8. What are lines and angles in brief?

Lines and angles are fundamental elements of geometry, forming infinitely long, straight paths. Understanding different line types and angles is crucial. Vedantu's solutions provide clear explanations, step-by-step breakdowns, and practice problems to help students understand these concepts, laying a strong foundation for future geometrical adventures.

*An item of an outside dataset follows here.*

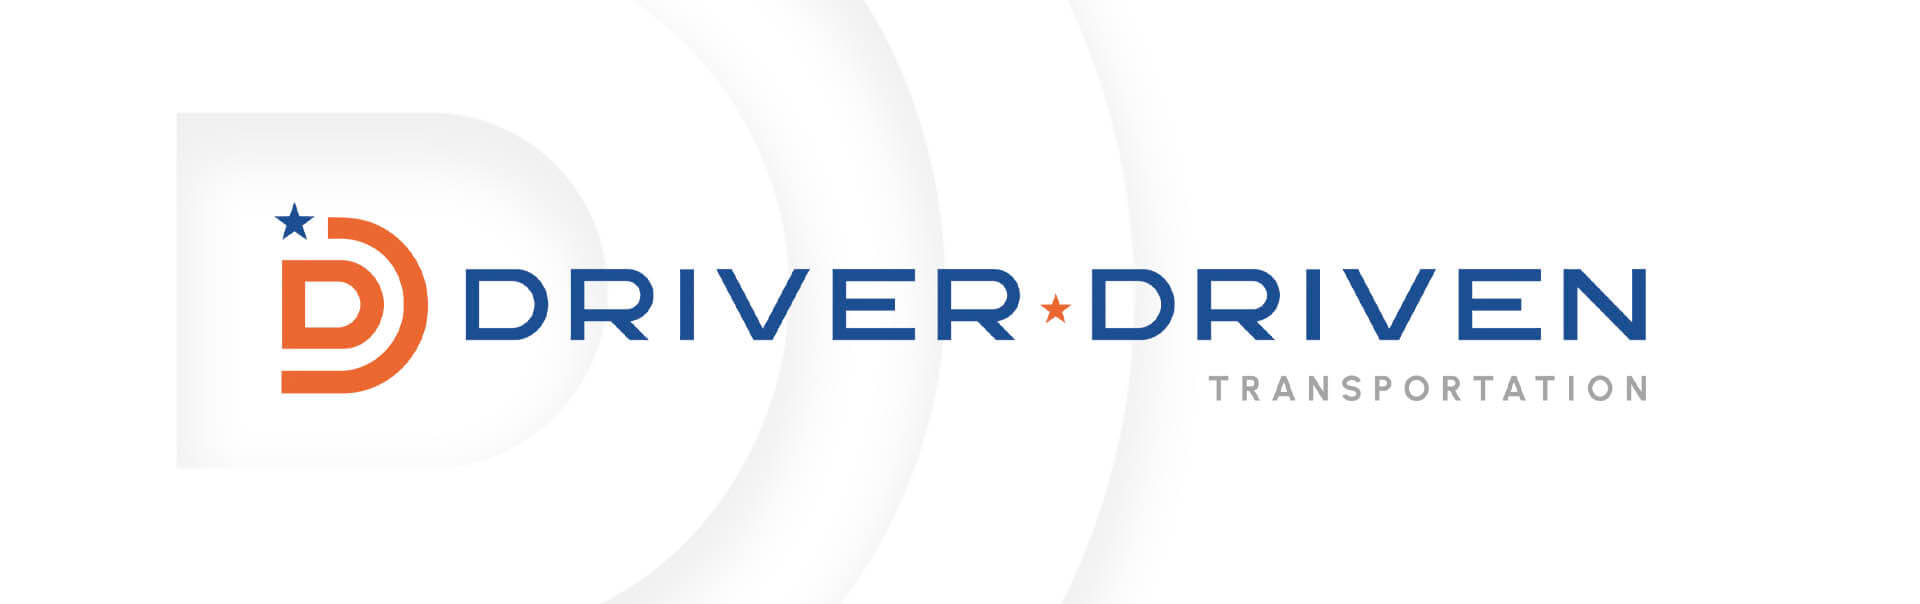 Driver Driven Transportation Brand Project
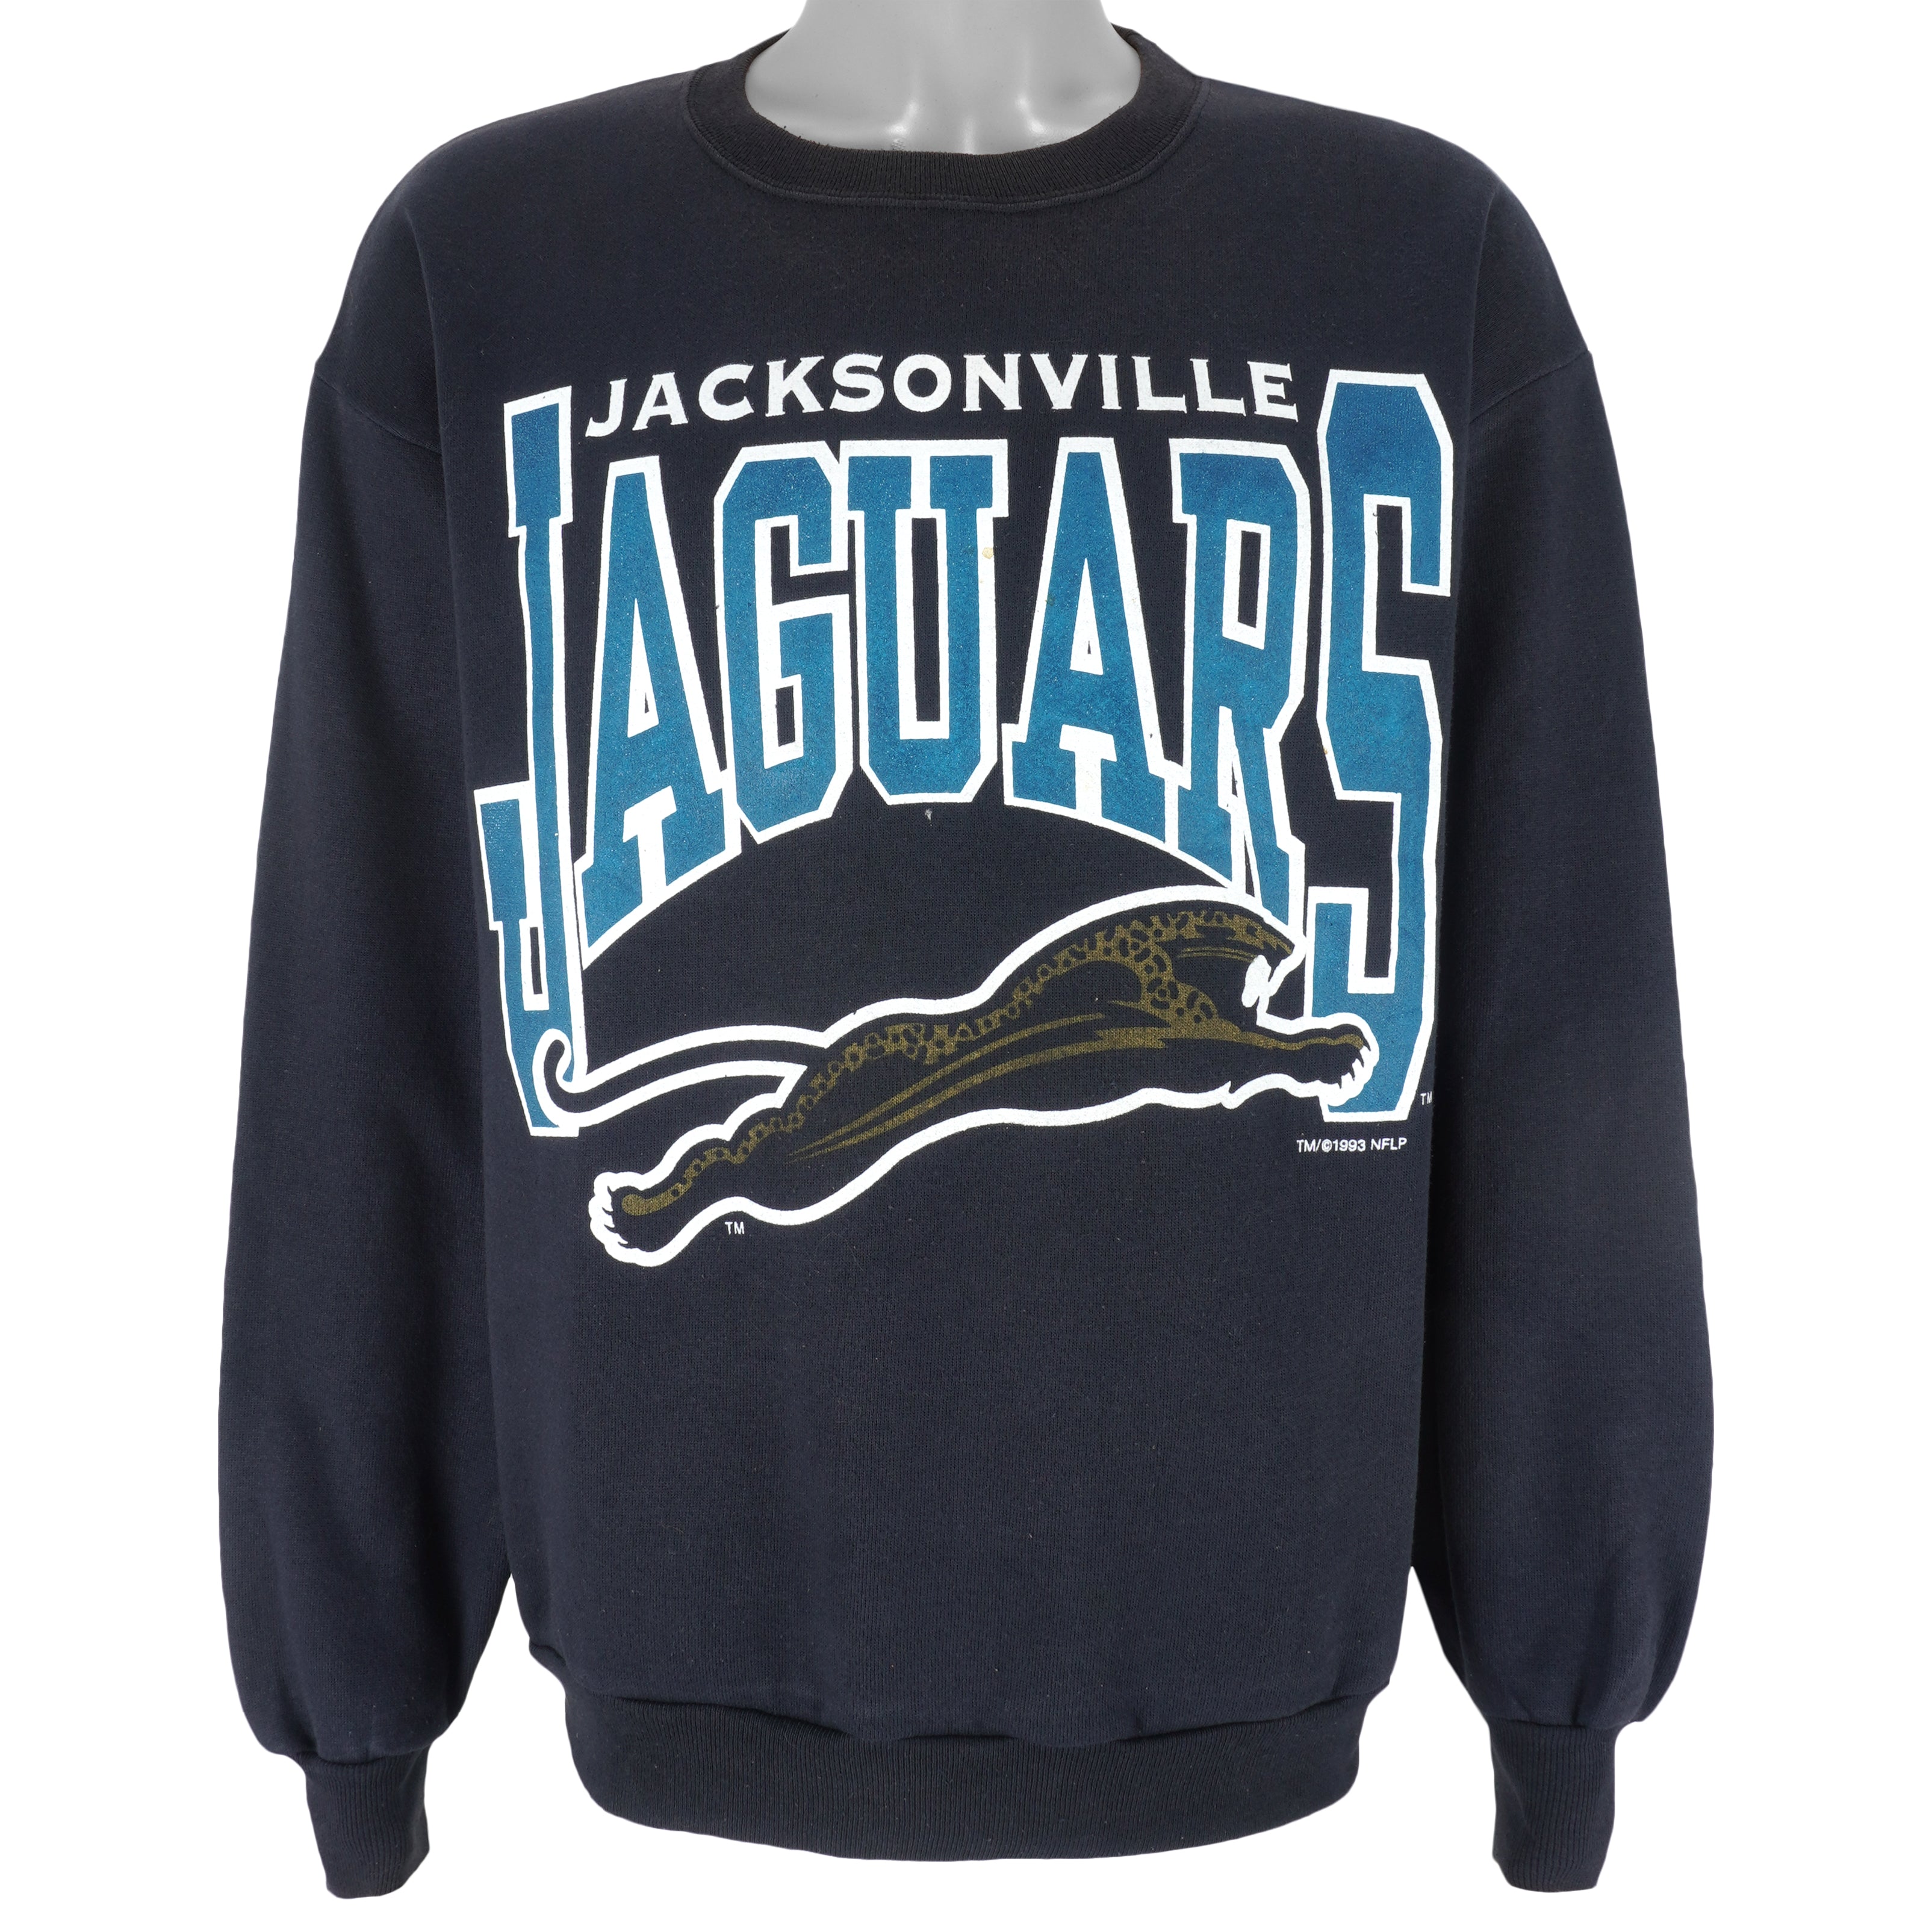 teal jaguars sweatshirt

9. What are the types of Line and Angles Class 9?

In the world of geometry of lines and angles class 9 solutions, angles come in various shapes and sizes, just like slices of pie! Acute angles are sharp turns less than 90 degrees, like a thin slice. Right angles are perfect 90-degree corners, like a closed book. Obtuse angles make wider turns between 90 and 180 degrees, like a large slice. Finally, straight angles span 180 degrees, forming a straight line when two lines extend opposite each other.

10. What's covered in the exercises of Maths Chapter 6 Class 9?

• Lines & Angles Identification: These exercises will teaches you to recognize lines (rays, segments) and various angles (acute, right, obtuse, straight).

• Measurement and Calculations: This exercise will make you become skilled with a protractor and be able to solve issues with missing angle measures, addition, and subtraction of angles.

• Real-World Application: Prepare yourself to solve word problems that evaluate your skills with lines and angles.